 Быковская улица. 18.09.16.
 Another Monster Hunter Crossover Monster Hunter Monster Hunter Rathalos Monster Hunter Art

┄┄┄┄┄┄

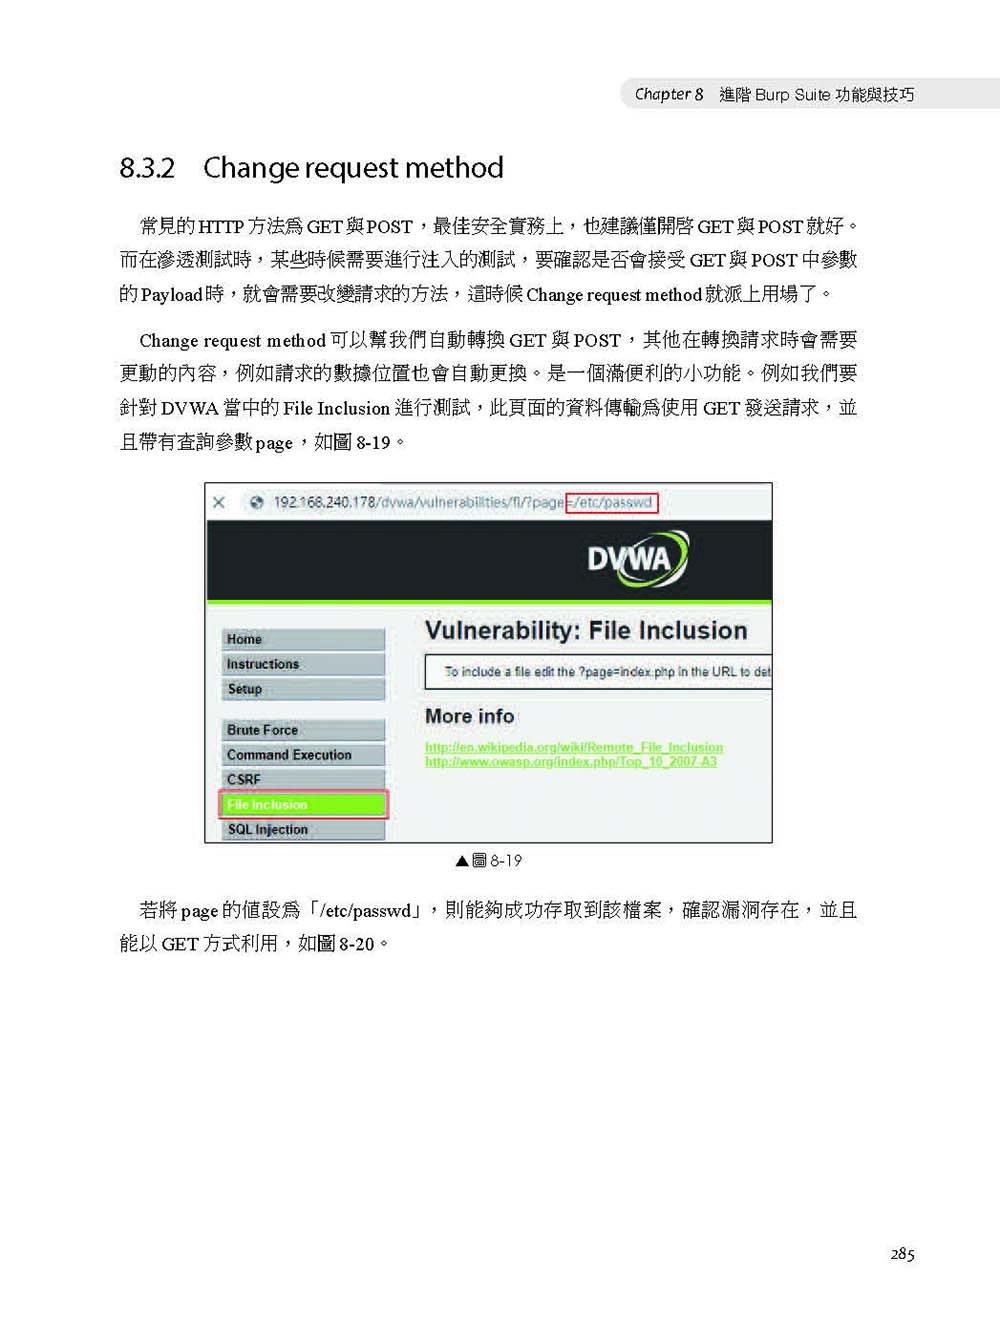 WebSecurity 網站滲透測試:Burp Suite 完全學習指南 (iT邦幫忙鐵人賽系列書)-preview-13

┄┄┄┄┄┄

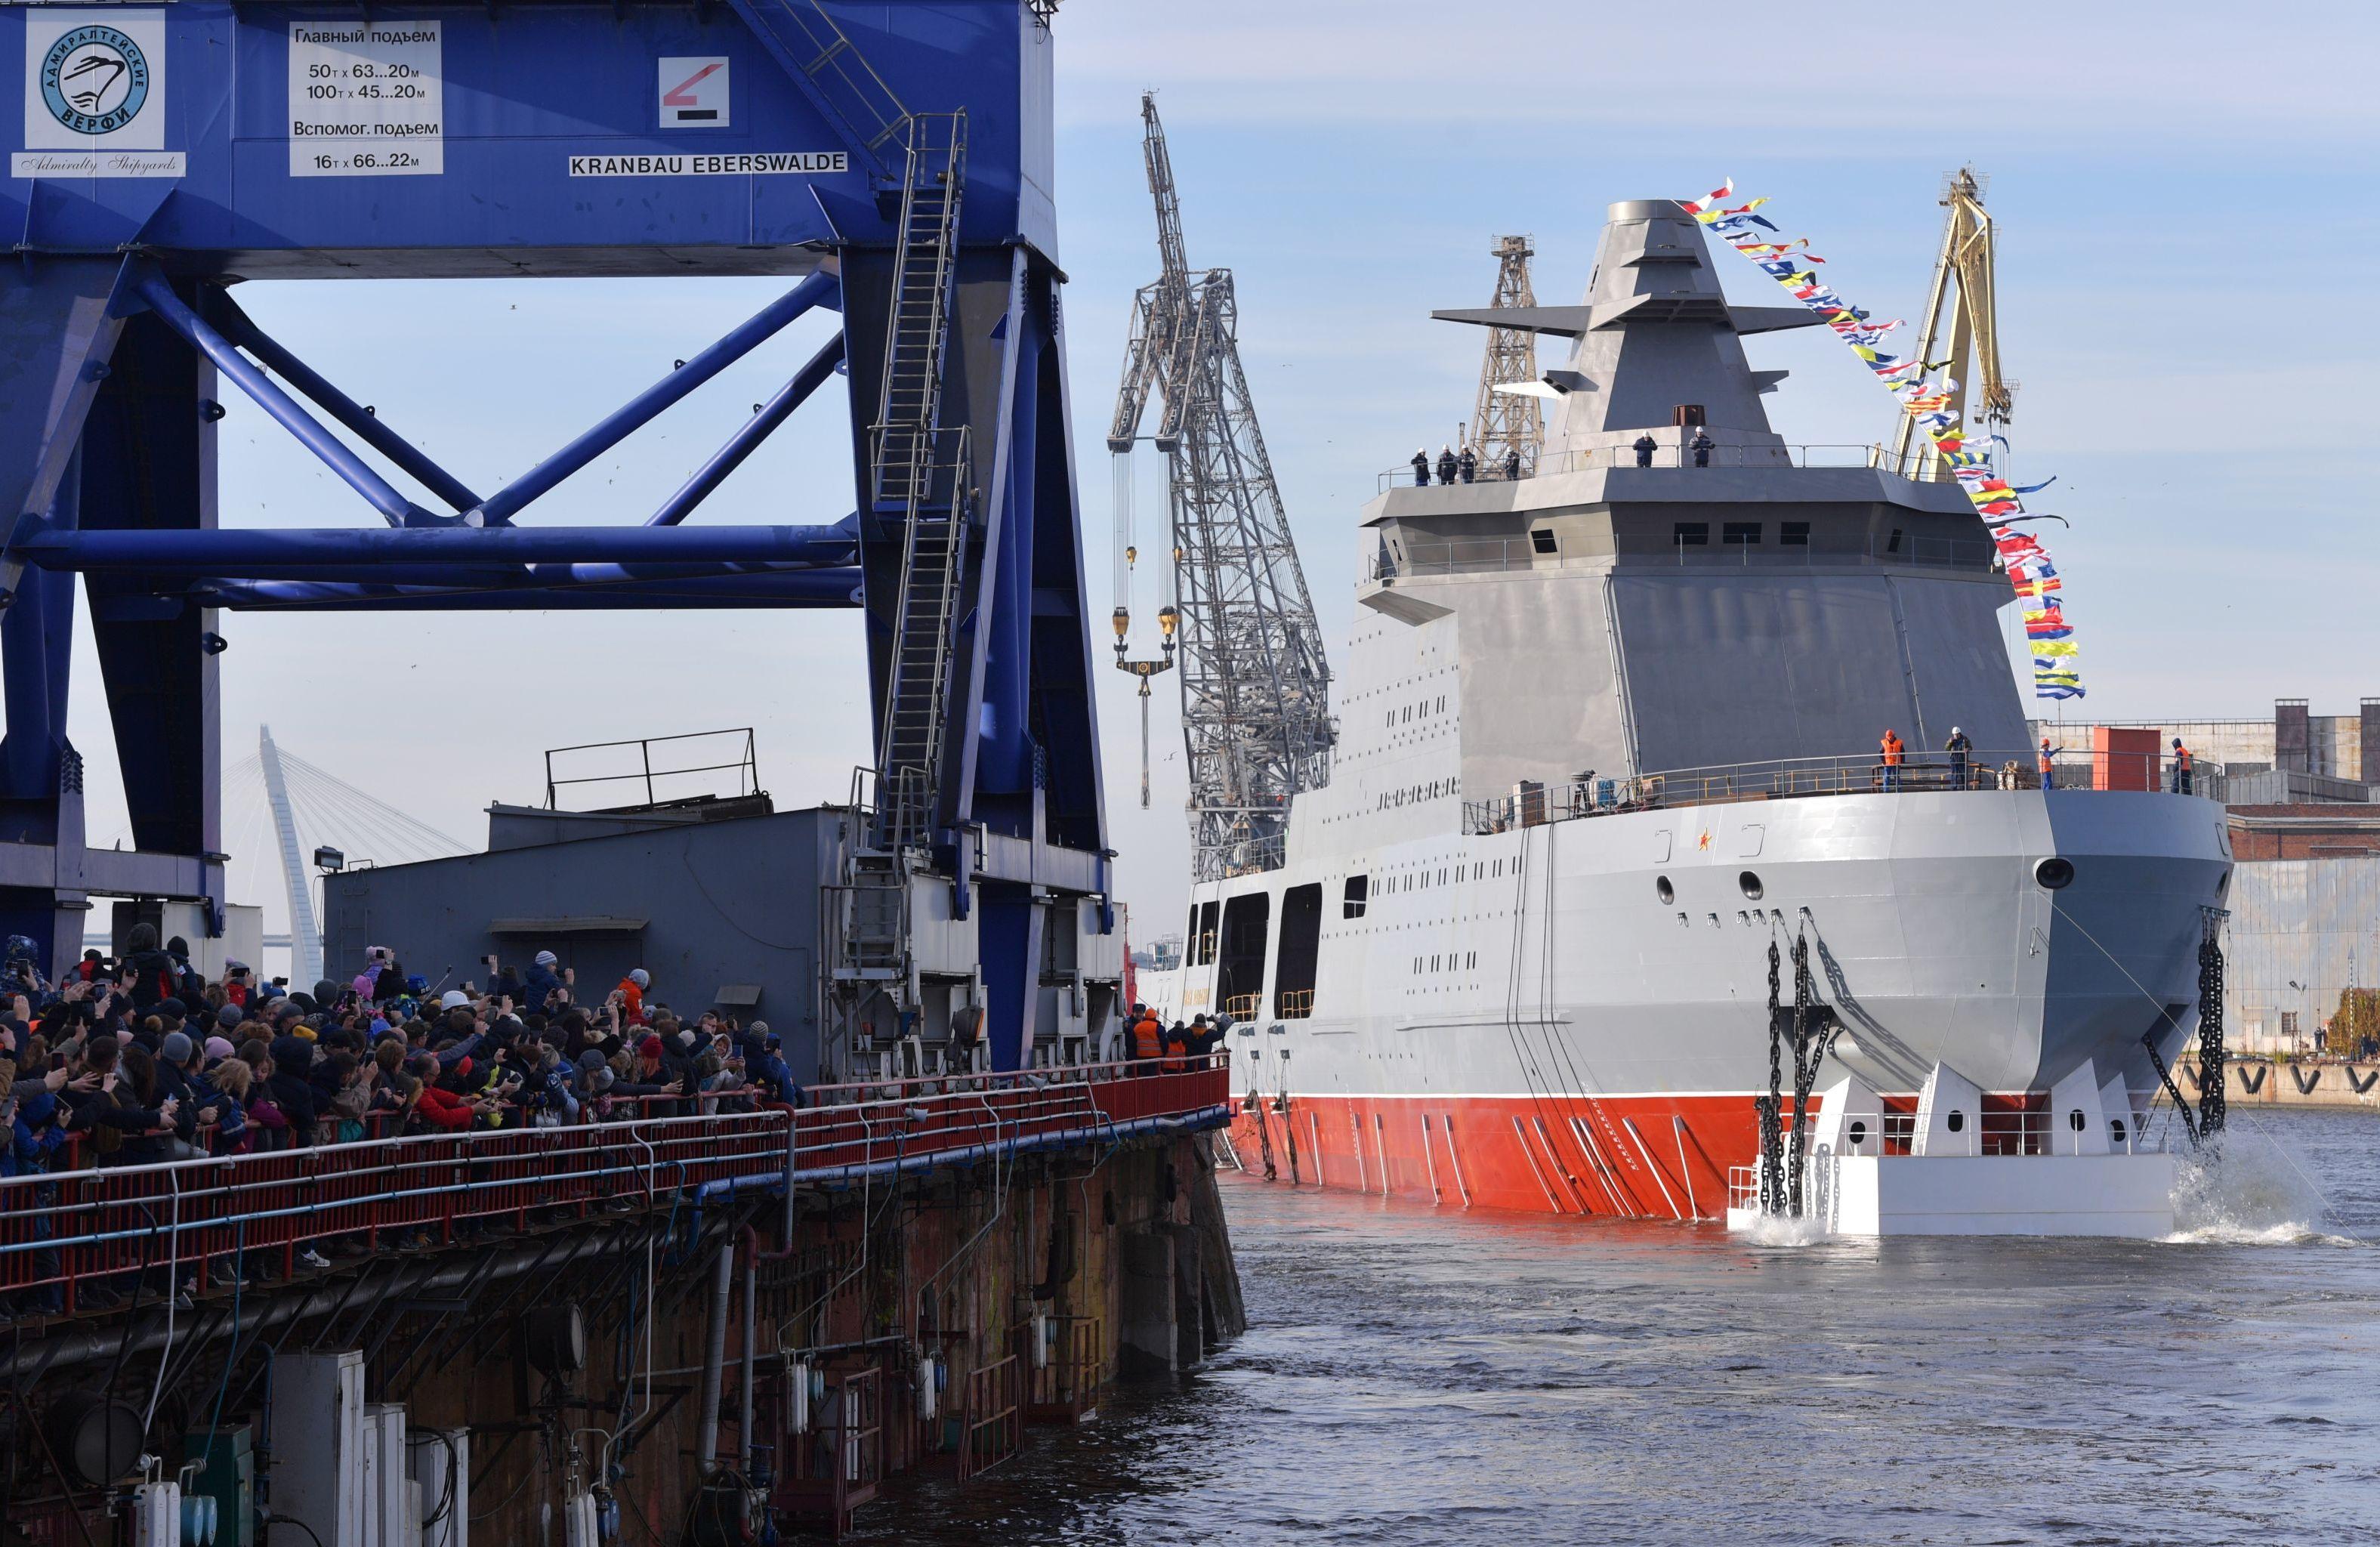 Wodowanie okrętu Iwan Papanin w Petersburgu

┄┄┄┄┄┄

• Task description
From the listing above, the lines starting with the one that has "Быковская улица. 18.09.16." and running through the one that has "Another Monster Hunter" should be copied exactly, ends included.

• Answer to this problem
 Быковская улица. 18.09.16.
 Another Monster Hunter Crossover Monster Hunter Monster Hunter Rathalos Monster Hunter Art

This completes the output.